Around a variety of stellar corpses and dying stars, doubly ionized oxygen atoms produce a characteristic green glow, as electrons cascade through the various energy levels when heated to temperatures exceeding ~50,000 K. Here, the planetary nebula IC 1295 shines brightly.

(Credit: ESO)

Above ~50,000 K, around dying stars, doubly ionized oxygen glows an eerie green.


This image from NASA’s Chandra X-ray Observatory shows the location of different elements in the Cassiopeia A supernova remnant, including silicon (red), sulfur (yellow), calcium (green) and iron (purple). Each of these elements produces x-rays in narrow energy ranges, allowing maps of their location to be created.

(Credit: NASA/CXC/SAO)

The colliding galaxies heat the gas further, resulting in X-ray emissions.

X-ray (pink) and global matter (blue) maps of various colliding galaxy clusters show a clear separation between normal matter and gravitational effects, some of the strongest evidence for dark matter. X-rays come in two varieties, soft (lower energy) and hard (higher energy), where collisions of galaxies can create temperatures exceeding several hundred thousand degrees.
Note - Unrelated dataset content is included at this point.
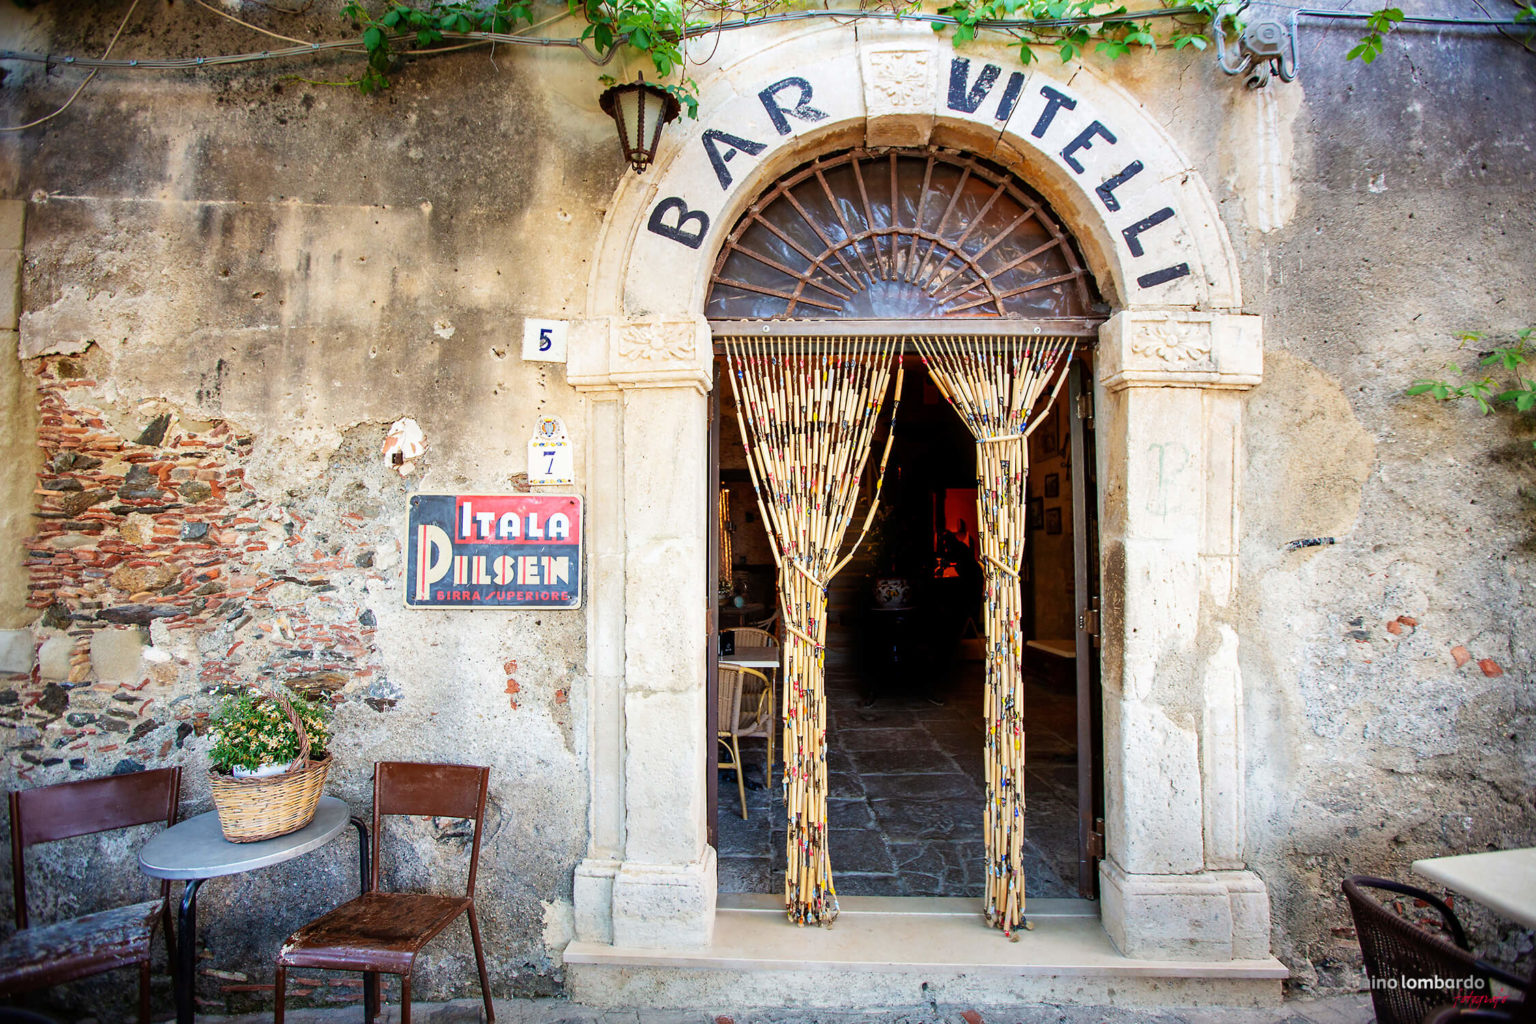 Bar Vitelli Savoca, historical place photographed by Nino Lombardo Sicily wedding photographer

(Credit: NASA, ESA, D. Harvey (Ecole Polytechnique Fédérale de Lausanne, Switzerland; University of Edinburgh, UK), R. Massey (University of Durham, UK), T. Kitching (University College London, UK) and A. Taylor and E. Tittley (University of Edinburgh, UK))

But neutron stars and radiant black holes can shape entire galaxies.


The radio features shown here, in orange, highlight the giant Alcyoneus radio galaxy, along with the central black hole, its jets, and the lobes at either end. This feature is the largest known in the Universe to match a single galaxy, and makes Alcyoneus the largest known galaxy in the Universe at present. Although only the radio and infrared characteristics are shown here, they also radiate in the high energy part of the spectrum.

(Credit: MSSL Oei et al., Astronomy and Astrophysics, 2022)

Producing the most energetic gamma photons, even the Large Hadron Collider can’t compete.

Fermi’s view of the gamma-ray sky reveals emission from our own galaxy, extragalactic objects, pulsars and, as highlighted here, supernova remnants as well.

(Credit: NASA/DOE/Fermi LAT collaboration)

Mostly Mute Monday tells an astronomical story in pictures, visuals and no more than 200 words. Talk less; smile more.